Phosphorus (P) is a finite non-renewable resource, a major nutrient for plants, and a foundation of modern agriculture. Nevertheless, the efficiency of P usage today hardly reaches 20% with the rest ending in wastewater or carried away by runoff from fields to rivers and to the oceans. In this project, we will investigate the potential to close the cycle from waste back to agriculture by exploiting the capability of microalgae to accumulate large P quantities. This potential of algae for a ‘luxury P uptake’ will be combined with the benefit of delayed release of P from the algal biomass applied as a fertilizer to soil. To achieve our goal, we shall a) systematically investigate the capability of microalgal strains of the species Chlorella vulgaris to sequester P from wastewater effluent, b) study how P in algae-derived, P-rich fertilizer deploys to the soil and is taken up by plants, comparing the efficiency with traditional fertilizers, c) discover the molecular mechanisms underlying luxury P uptake and storage in algae and d) develop mathematical models providing a theoretical framework in which to interpret our experimental findings, to derive a systemic understanding of the P cycle, and to develop future strategies to optimize the results obtained during the lifetime of our project.
Impact on Bioeconomy
A key goal of bioeconomy is the changeover from a fossil-resource economy to a sustainable one, relying on naturally re-growing resources. Our project focuses on phosphorus (P), which is essential for all agriculture and is currently mined from geographically constrained and limited phosphate rock deposits. We aim at using photoautotrophic microalgae for economically viable and environmentally sustainable recycling of P and other nutrients from wastewater effluent to plant fertilizer.

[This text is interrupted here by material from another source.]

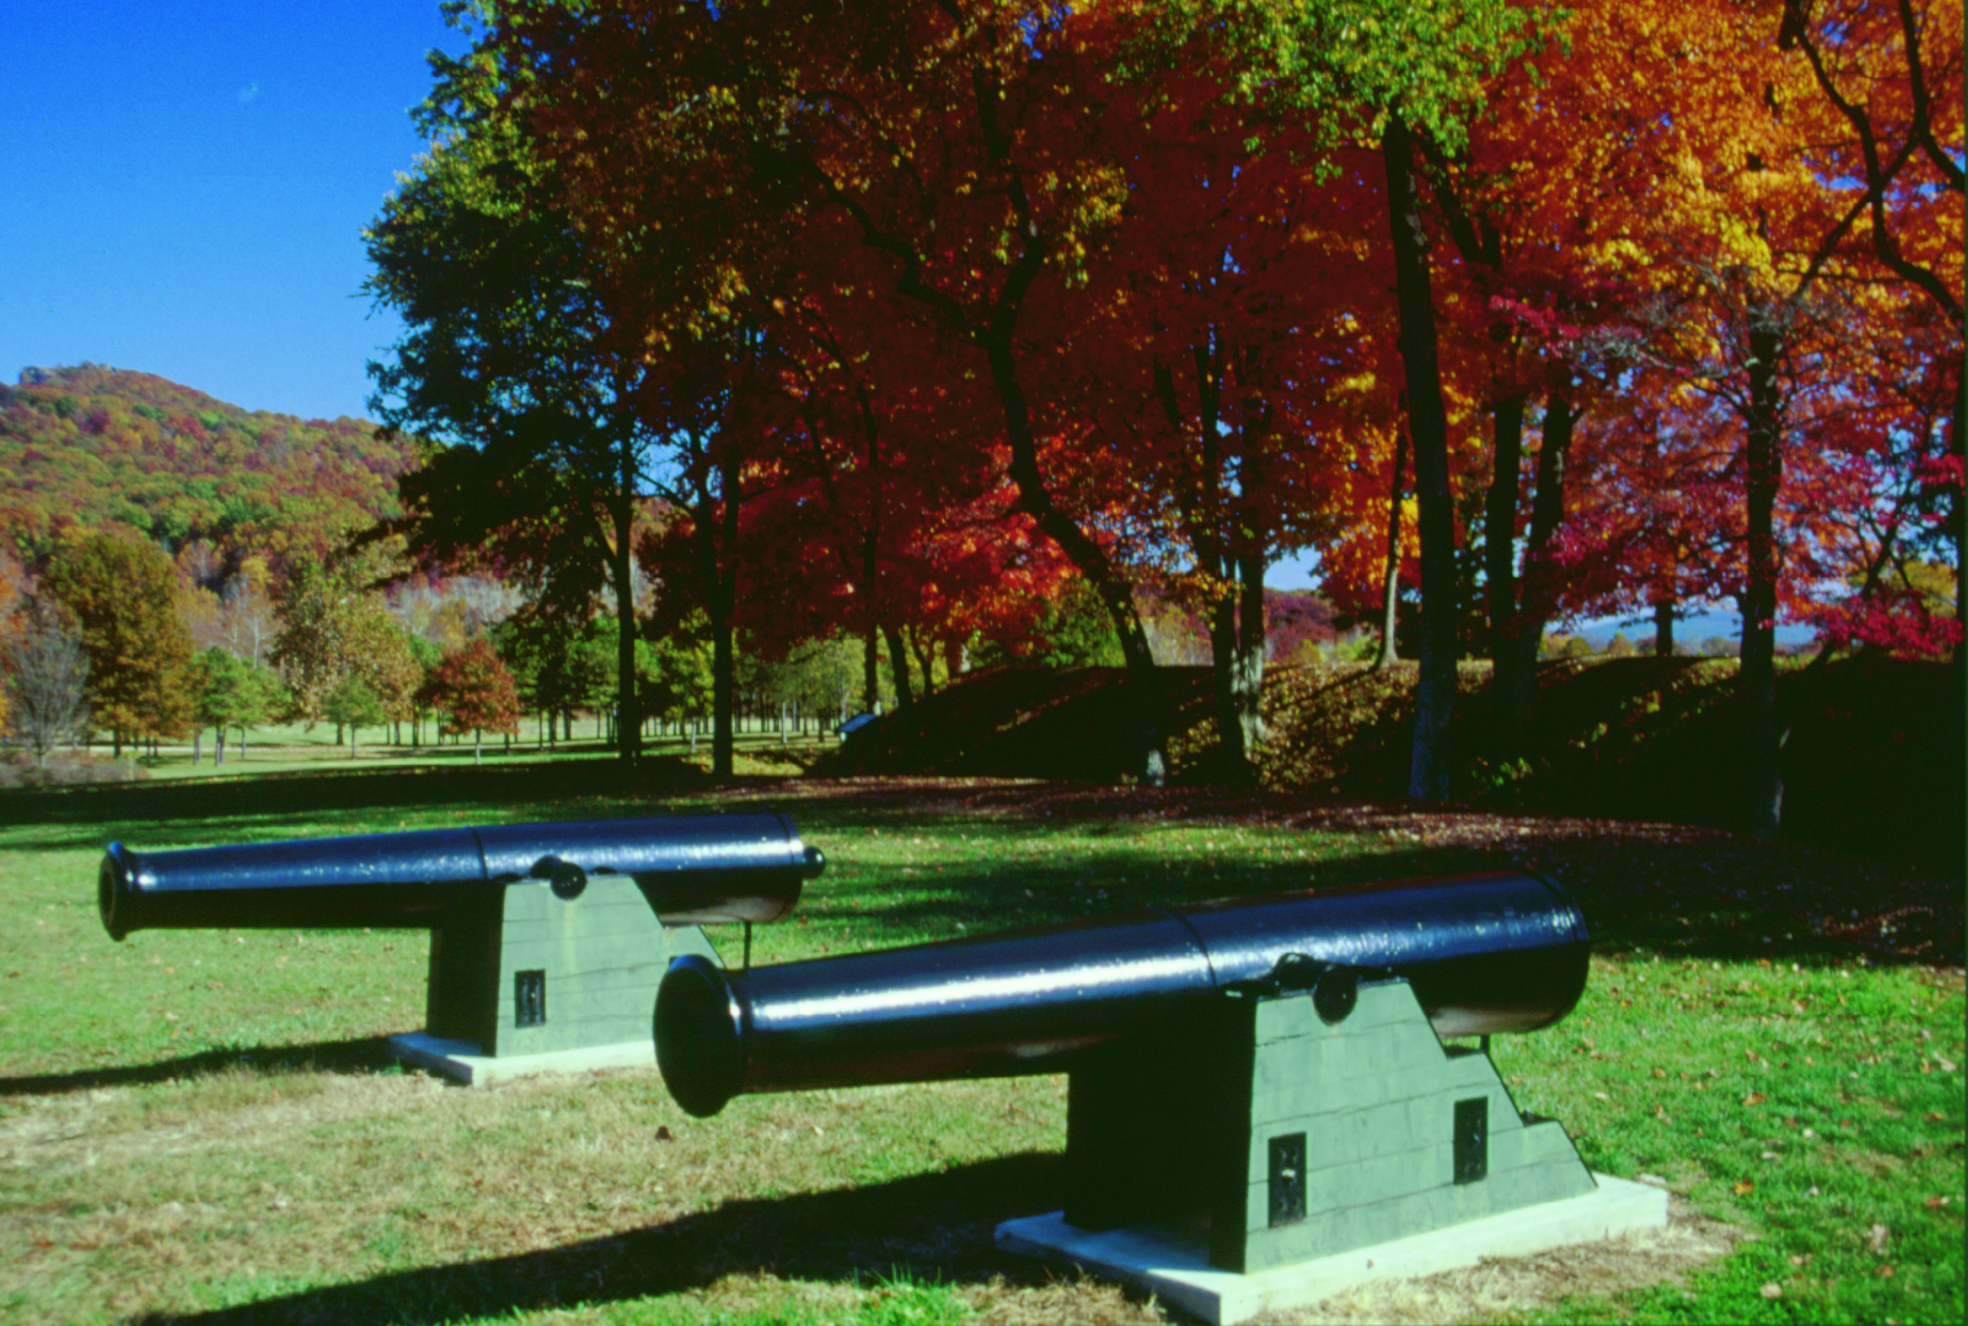 Two canons on display near the fort
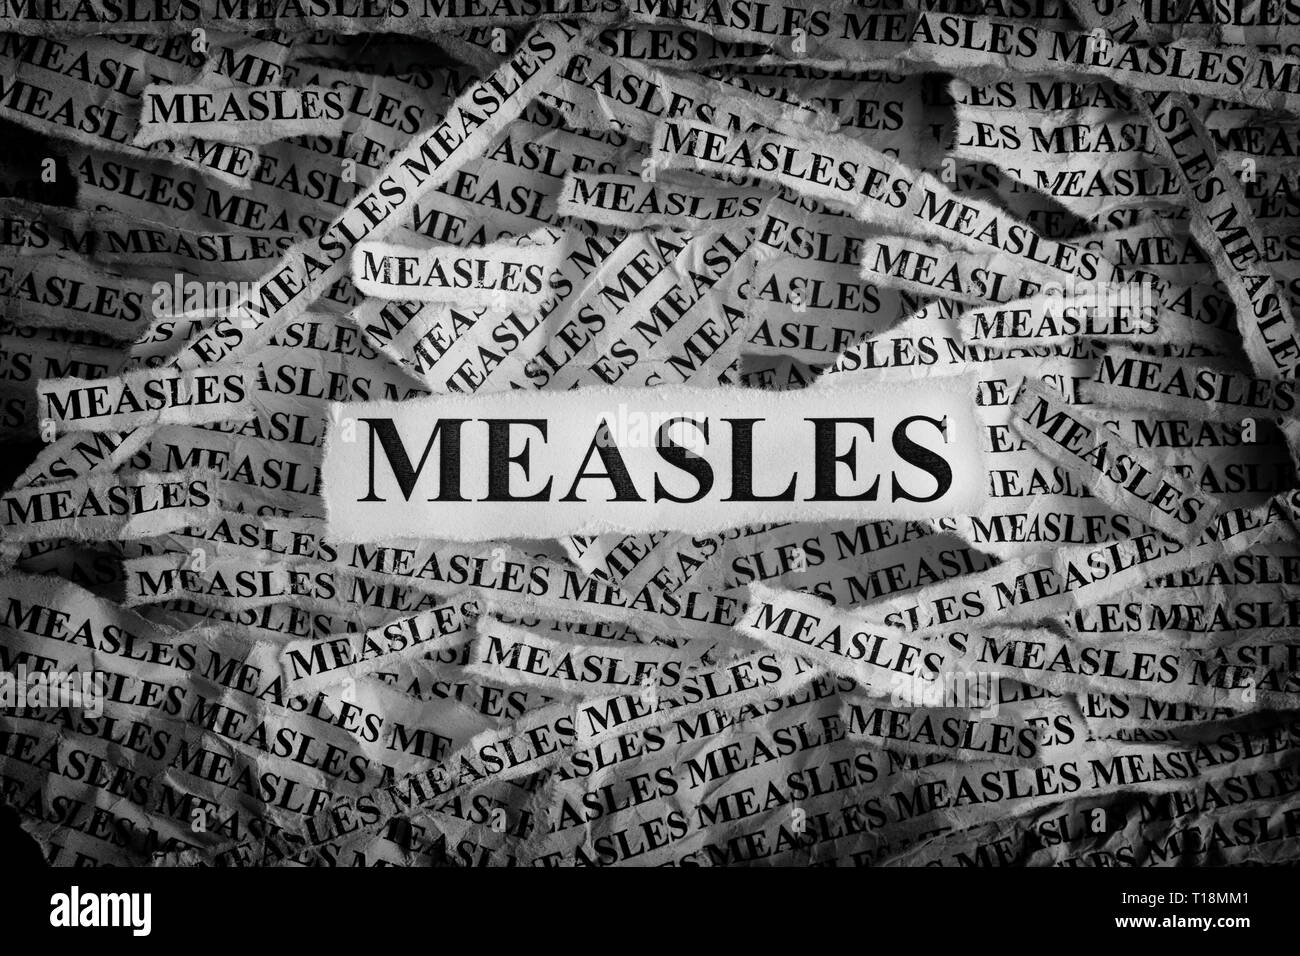 Measles. Torn pieces of paper with the words Measles. Concept image. Black and White. Close up. Stock Photo

In this way, waste will be converted into fertilizer for crop production by an energetically optimized photobioreactor. Our project has the potential to establish a completely novel branch of bioeconomy, focusing on phosphate resource management. Supplementing the already established production of kerosene by microalgae, our project contributes to the economic viability of algal biotechnology. By increasing the energy efficiency of the phosphate extraction process and algal fertilizer production, the CO2 footprint and energy requirements will be significantly reduced, economic viability increased and thus a transition towards a sustainable agriculture not based on limited resources supported. The project will provide a knowledge base for a potential new technology that can significantly reduce the losses of phosphate from wastewater effluent and return it to crop production.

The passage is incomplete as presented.